Trump made numerous errors as president at an administrative level, namely not cleaning house at the Department of Justice, but listening to Ryan on an omnibus spending bill is in the top five. The former president was about to veto the package because there was no funding for a border wall, an ultimate 2016 campaign promise. It would have shut down the government in 2018. Ryan reportedly promised to get financing for that immigration enforcement measure later, prompting Trump to sign the bill, something he didn't want to do and vowed it would never happen again. But Ryan didn't follow through on that promise, instead deciding not to run again for re-election and doing next to nothing to help candidates in the midterm elections that year. It was essentially a resignation.

One thing is certain: Ryan wouldn't be equipped to be in today's Republican Party. A lot has changed since 1999, his freshman year. Ryan isn't a culture warrior, a role we must adopt because the left has run amok for too long. The former House Speaker admitted that he's more concerned about policy, being the wonk he is, and not interested in the "polarizing" aspects of these cultural fights. 

There was a short time when one could think that social and fiscal issues differed. It's more complicated, as is our society. Often, when you peer through the numbers and the policy, you'll find that these two issues are intertwined. Also, we tried ignoring the culture and sticking to the legislation, but the "Paul Ryan" way only led to school boards being overrun by cultural Marxists, men thinking they could compete in women's sports, and modern medicine going to extraordinary lengths to erase the biological characteristics unique to womanhood to accommodate transgenders. 

Perhaps, if we were more attentive and aggressive, we could have drowned the "woke" left seeds before they sprouted into these monsters of aberration and political nonsense that have taken hold within the Democratic Party. There are cultural norms worth defending, like barring biological males from participating in women's sports, prohibiting minors from undergoing what is arguably child mutilation surgeries and pumping them with hormones and puberty blockers to satisfy the transgender lust embodied by their parents.

Culture wars are tiring, but that's everything now.
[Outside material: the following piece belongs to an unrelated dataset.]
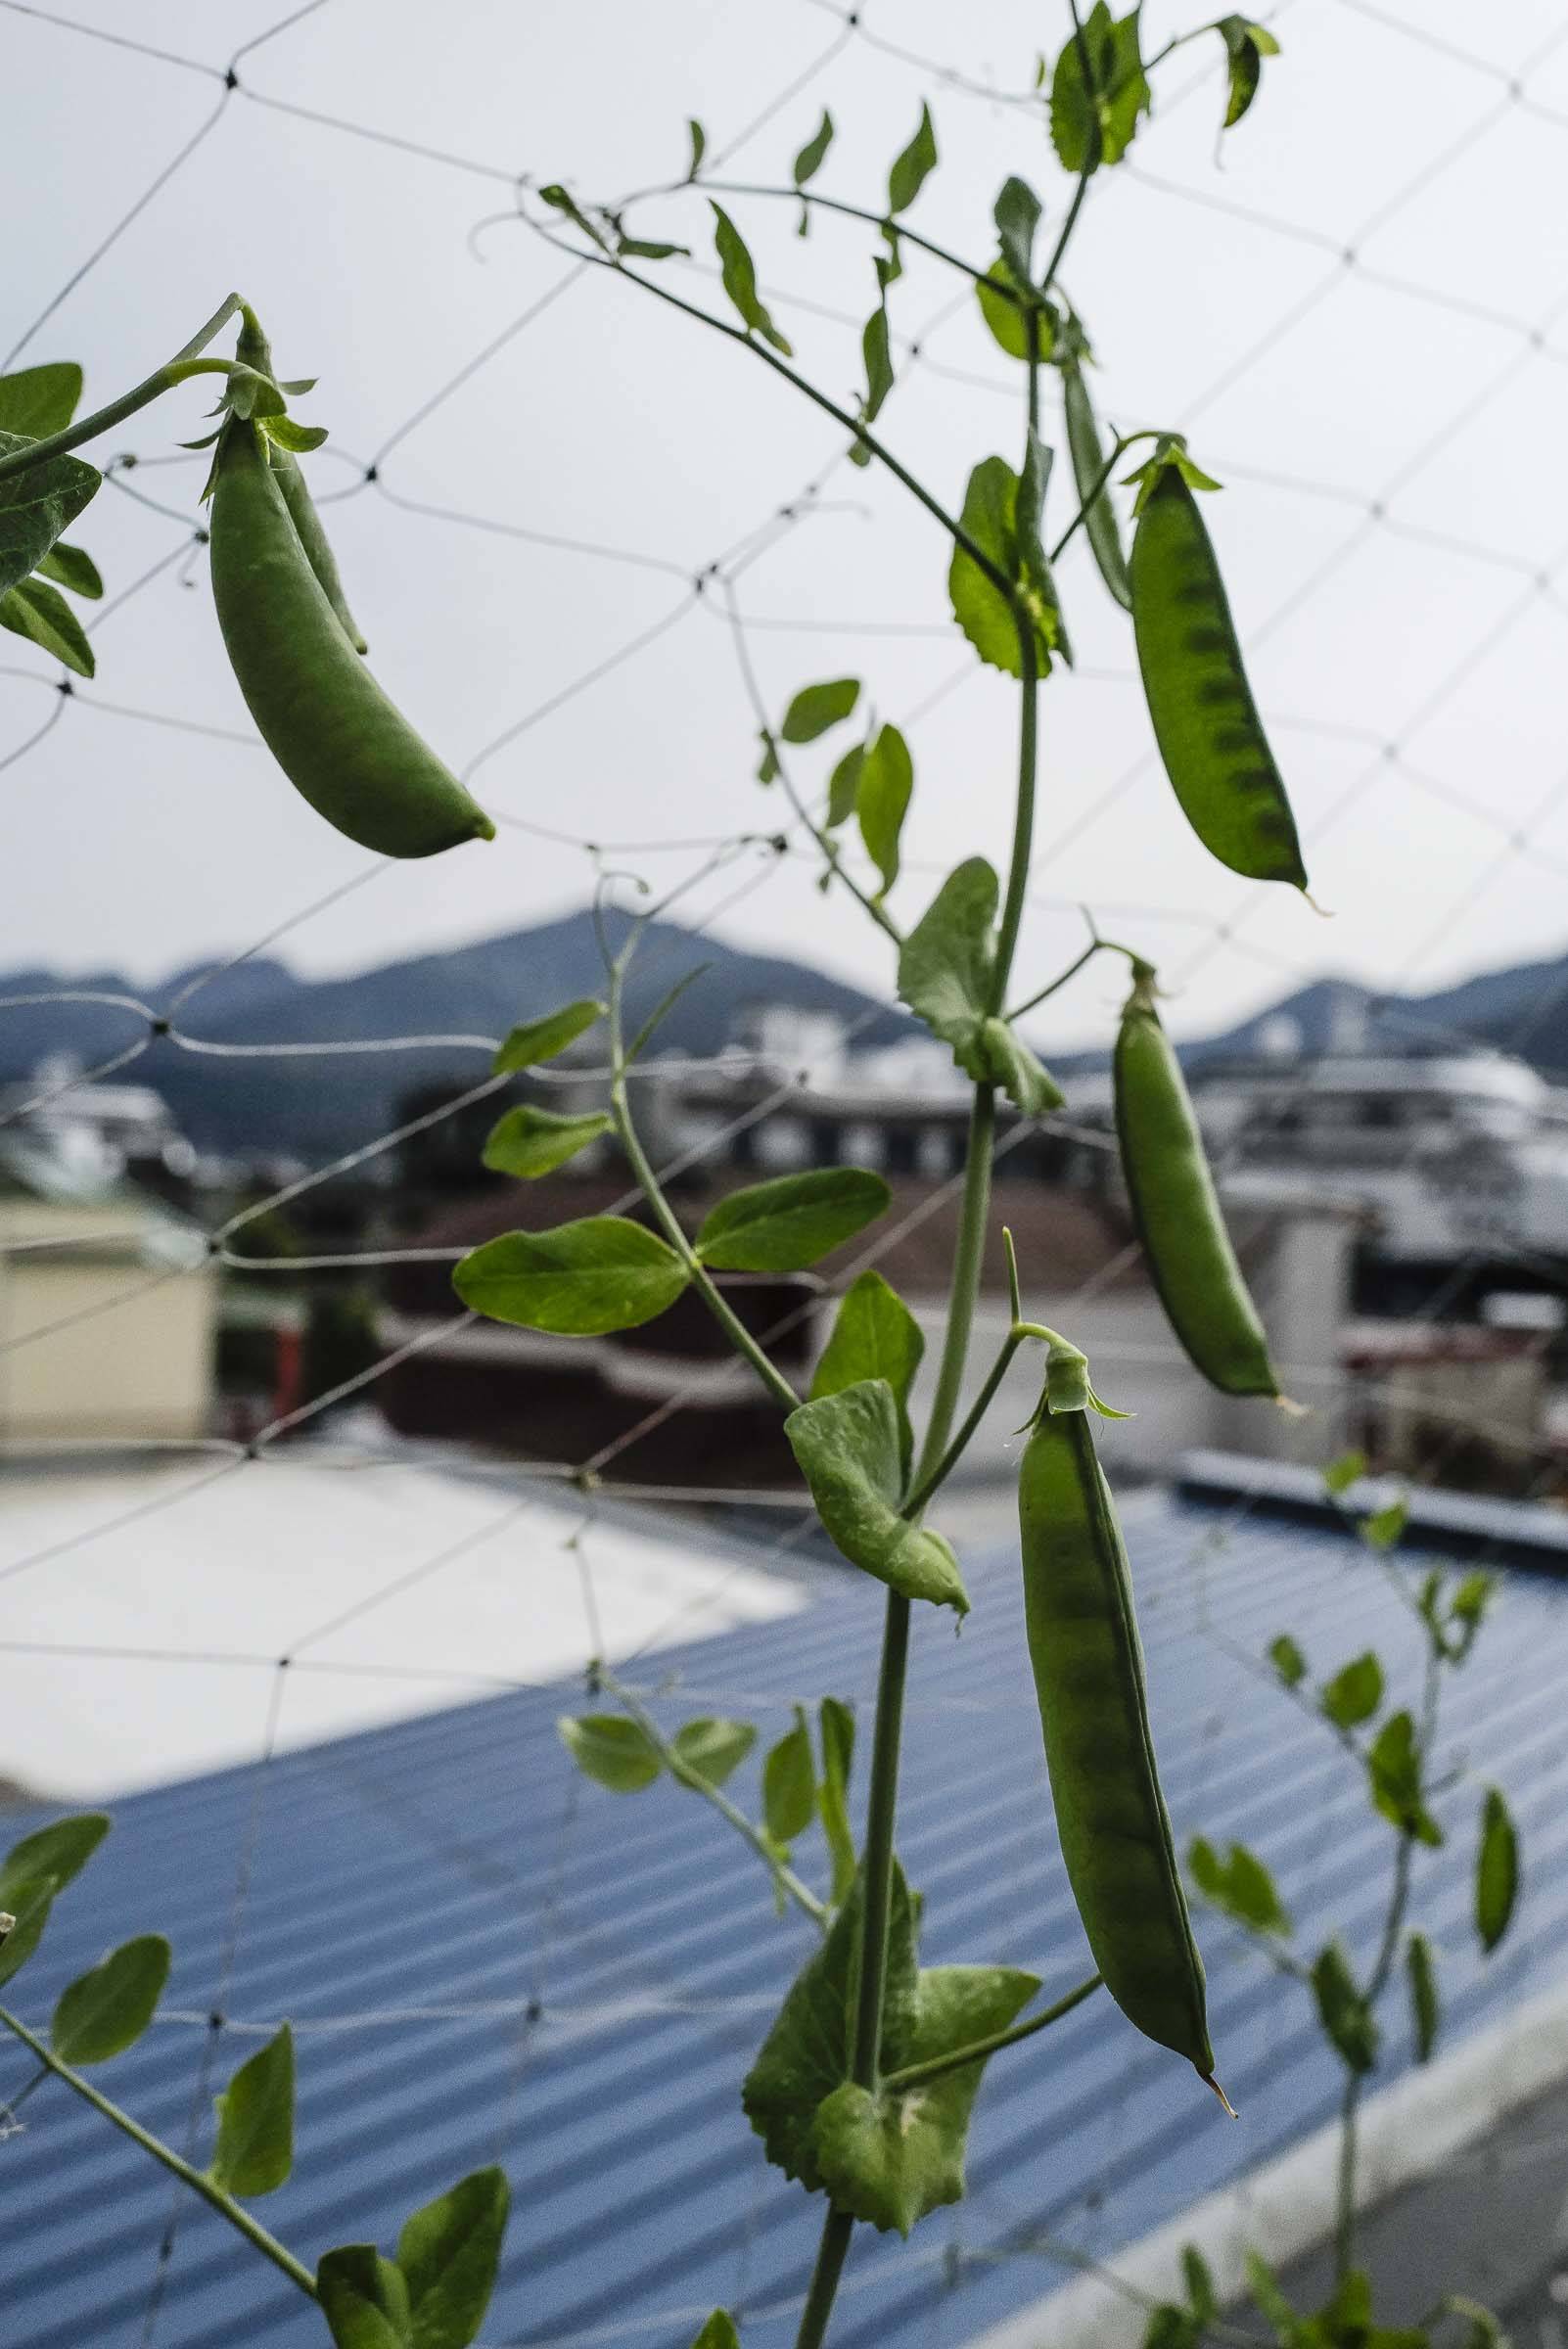 Peas growing on a roof top garden at the Glory Hall on Friday, Aug. 2, 2019. The produce in the garden is used daily in meals to feed patrons. (Michael Penn | Juneau Empire)

If we have the right to free speech, there will be various opinions, some bizarre and heinous. It should be tiring; that's America. To quote fictional President Andrew Shepherd, "America is advanced citizenship. You gotta want it bad 'cause it's gonna put up a fight." As long as we have a constitutional right to free speech, assembly, and association, the wacko left will be on the battlefield. It's always been a street fight, and as a former face of the party, maybe that's why we're a bit behind. One of our former leaders, Ryan, opted to become an ivory tower policy wonk and let his surroundings burn to ash below.
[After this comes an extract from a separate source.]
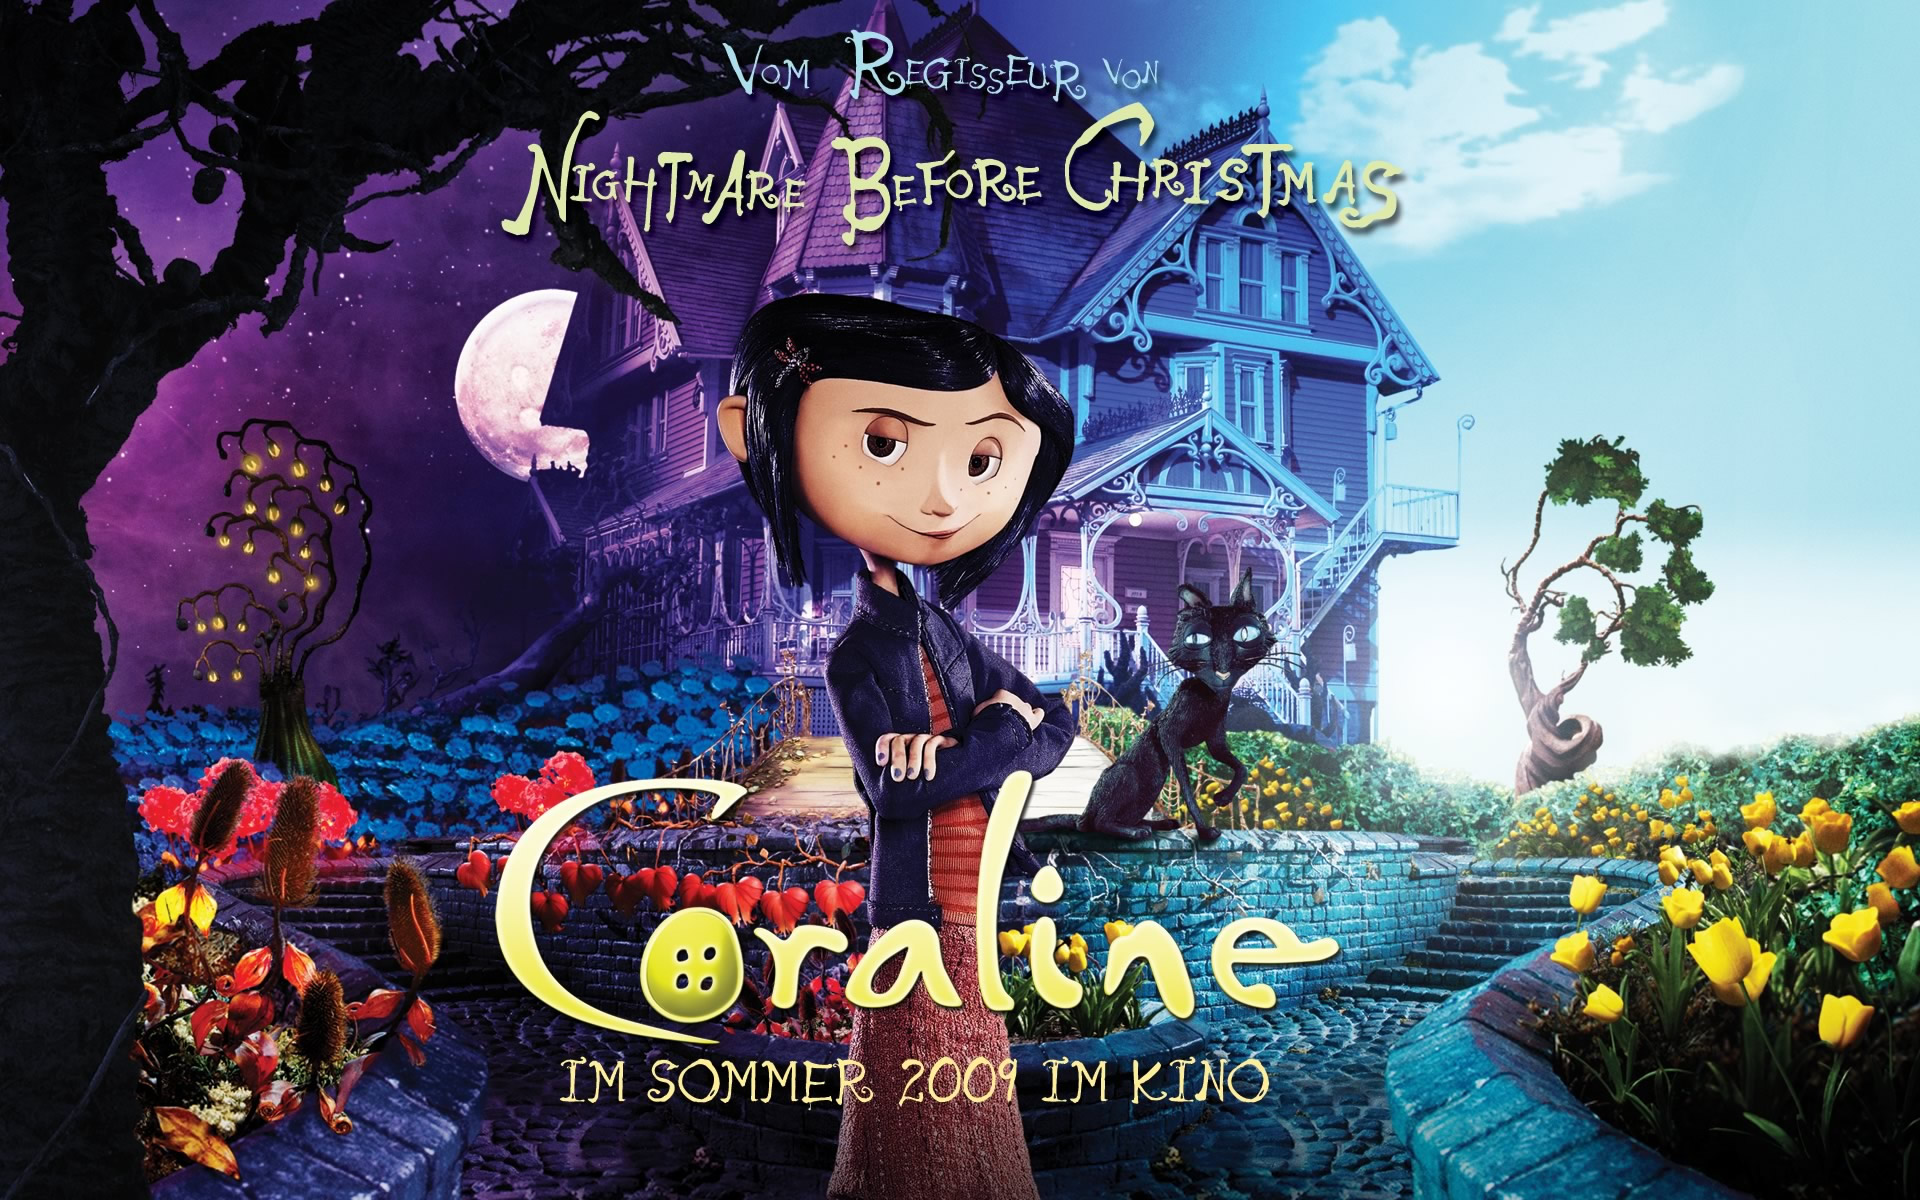 825x1092px Coraline 148.96 KB 11.09.2015 By Ronin

To show how things have become out of control, it's conservatives who have become the new feminists by fighting to protect women's sports and scientific study that does indeed show biological differences between men and women; it's not a social construct. And no, you can't identify however you want. Women have been relegated to "birthing people" or "non-men" in liberal circles. The right has taken up this role through no effort of our own, but here we are, the protectors of women and science. Maybe we could have stopped this nonsense if some folks weren't afraid of "polarizing" issues.